“Now,” cried Stan suddenly, “four of you, fire at the steersmen.”
Three shots rang out simultaneously, with the result that the two steersmen went down. But two more sprang to their places, seized the great rudder oar, and the rowers toiling hard, the progress of the junk was apparently not checked, and she came steadily on.
Two more shots rang out, mere cracks in the vast space, but the junk still kept on, till her bows touched the ground and her stern swung round parallel with the wharf, while her crew uttered a fierce yell and crowded to the side; but they were some fifteen feet away from the wharf-edge.
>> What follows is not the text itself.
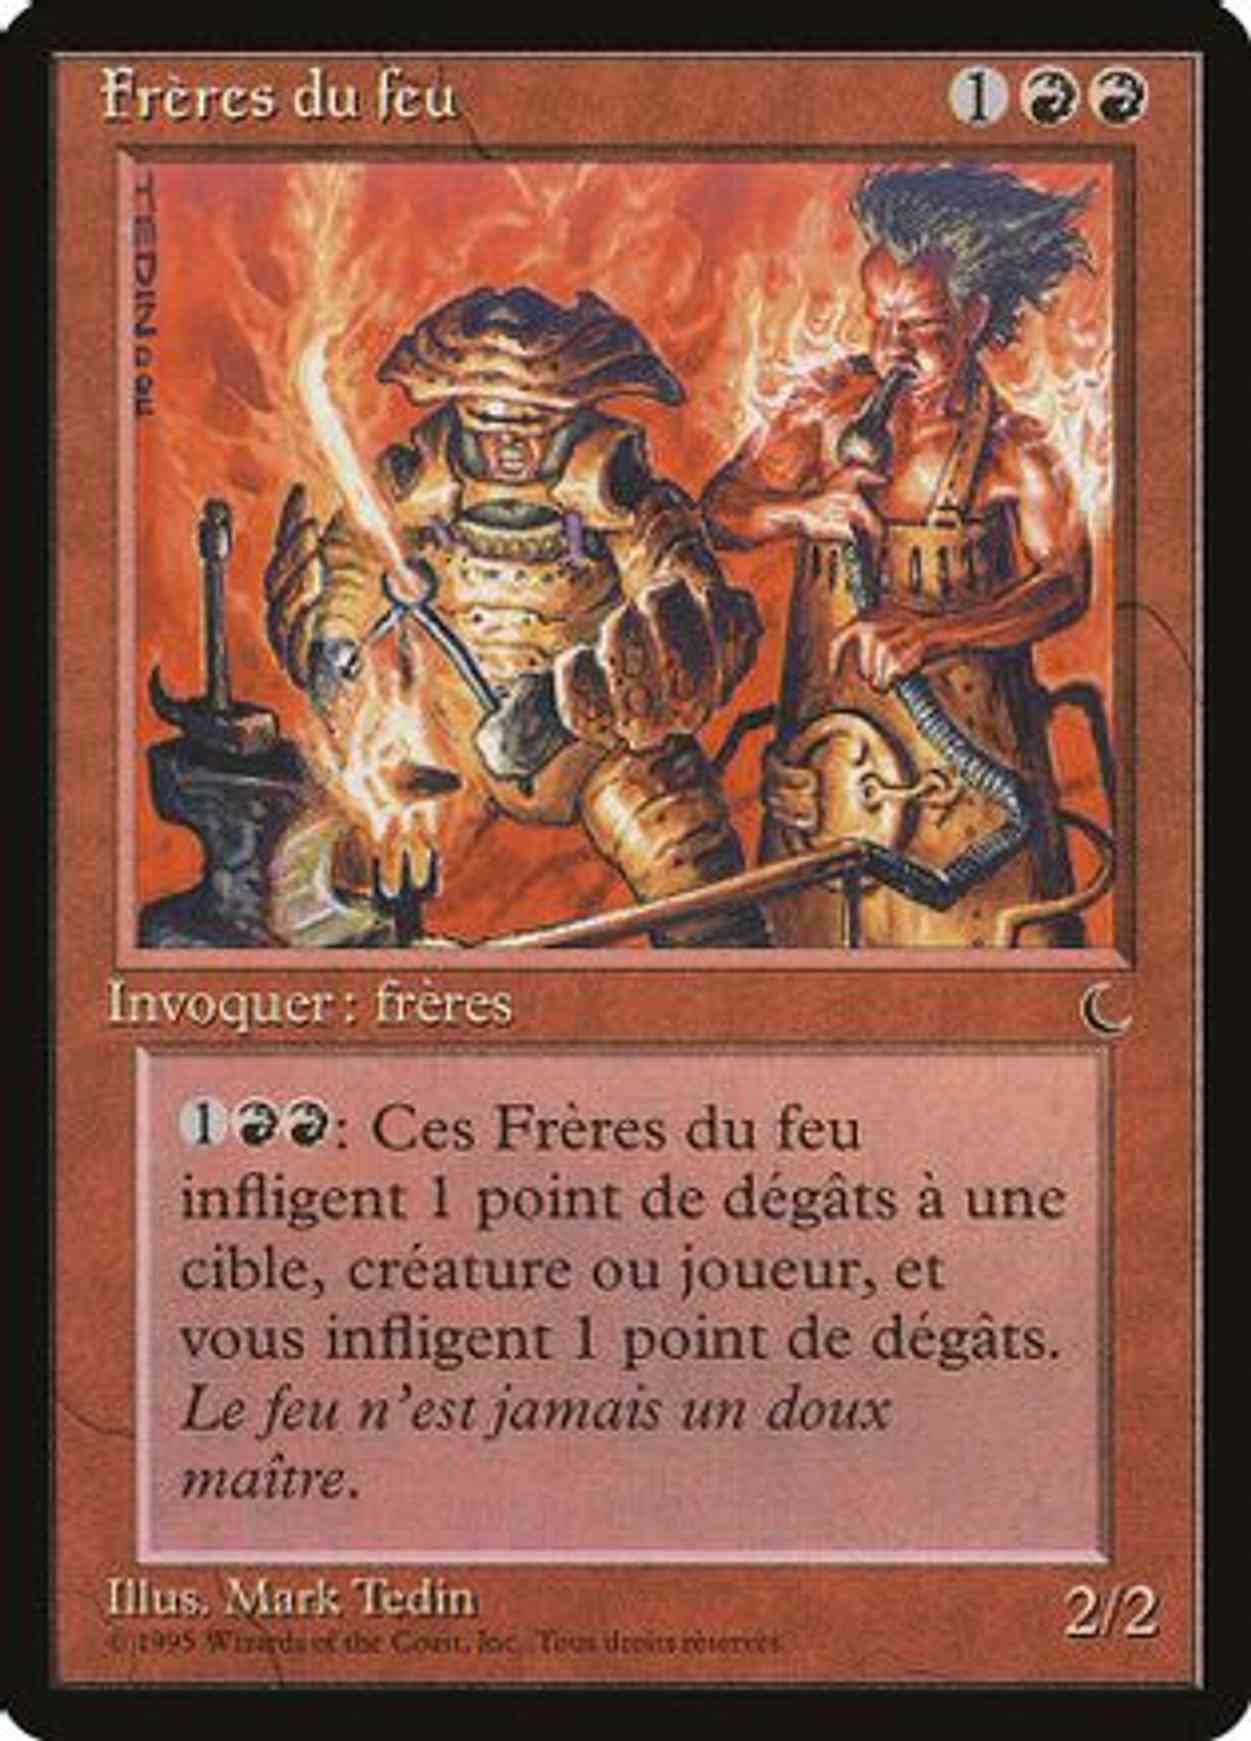 Brothers of Fire (French) - "Freres du feu" magic card front

“Hah!” said Stan to himself. “They mean business now;” for once more there was silence for a few moments before the old tactics were carried out, a signal was given, and full warning afforded to the defenders that the enemy was coming on. For on each junk men rushed forward and aft to begin belabouring the great hanging gongs with all their might, and this formed the accompaniment to a terrific chorus of yells.
“I should have liked to go down and see poor Mr Blunt once more,” said Stan to himself; “but I dare not go now.”
Then he started, for his words suddenly assumed a strange significance. It seemed to him as if his seeing Blunt once more meant that it would be for the last time, and something like a shudder ran through him.
He made an effort, however, and it was gone, leaving him firm and ready to an extent that startled him, for he could not believe that in the face of such terrible danger it would last.
There was no more thinking then. The enemy, keeping up the horrible din which was evidently intended to terrify the defenders of the hong into submission, came pouring now from the various junks, some over the sides to leap down from bulwark to wharf, some through the regular gangway, and those from the freshly returned junk making no scruple about dropping from the rail at the nearest point down into the river, to wade or swim ashore. The manoeuvre resulted in several unfortunates being crowded down, to rise after an interval, and in several instances to be swept away by the sharp current now running between the side of the junk and the wharf, where, as fast as the assailants gathered, they rushed yelling to the tea-chest barrier and began to climb.
All was wild excitement on the part of the assailants, who, as they pushed one another up, to be pulled up in turn by those at the top, kept up a continuous chorus of savage abuse and threats of the way that they would treat their victims as soon as they got them down; but the furious outburst seemed to have not the slightest effect upon the defenders, who, crouching well below their barricades, remained perfectly calm and firm. They knew their cut-out task, and contented themselves with the delivery of a well-directed shot now and again. There would be a well-concealed loophole, with nothing visible to the attacking pirates, giving them perfect confidence that the defenders were hiding away from them, and then all at once there followed a sharp, pale spurt of flame, a little puff of smoke, and some leading man of the attacking party would go down from the top of the wall, where he had been urging his followers on, while as he fell it was as often as not to lie perfectly motionless, unnoticed by his people; though upon some occasions, after staggering and falling, he would struggle to his hands and knees and crawl out of the hurrying crowd, to try and creep back to one or other of the junks.
But as fast as one man went down several came on in his place, and in a very short space of time the whole of the narrow alley between wall and store was full of hurrying fighting-men, carrying on the former tactics of battering with their weapons at door and window, some of the storming party holding their ground and keeping on thrusting their spears in savagely wherever there was a loophole to which they could gain access.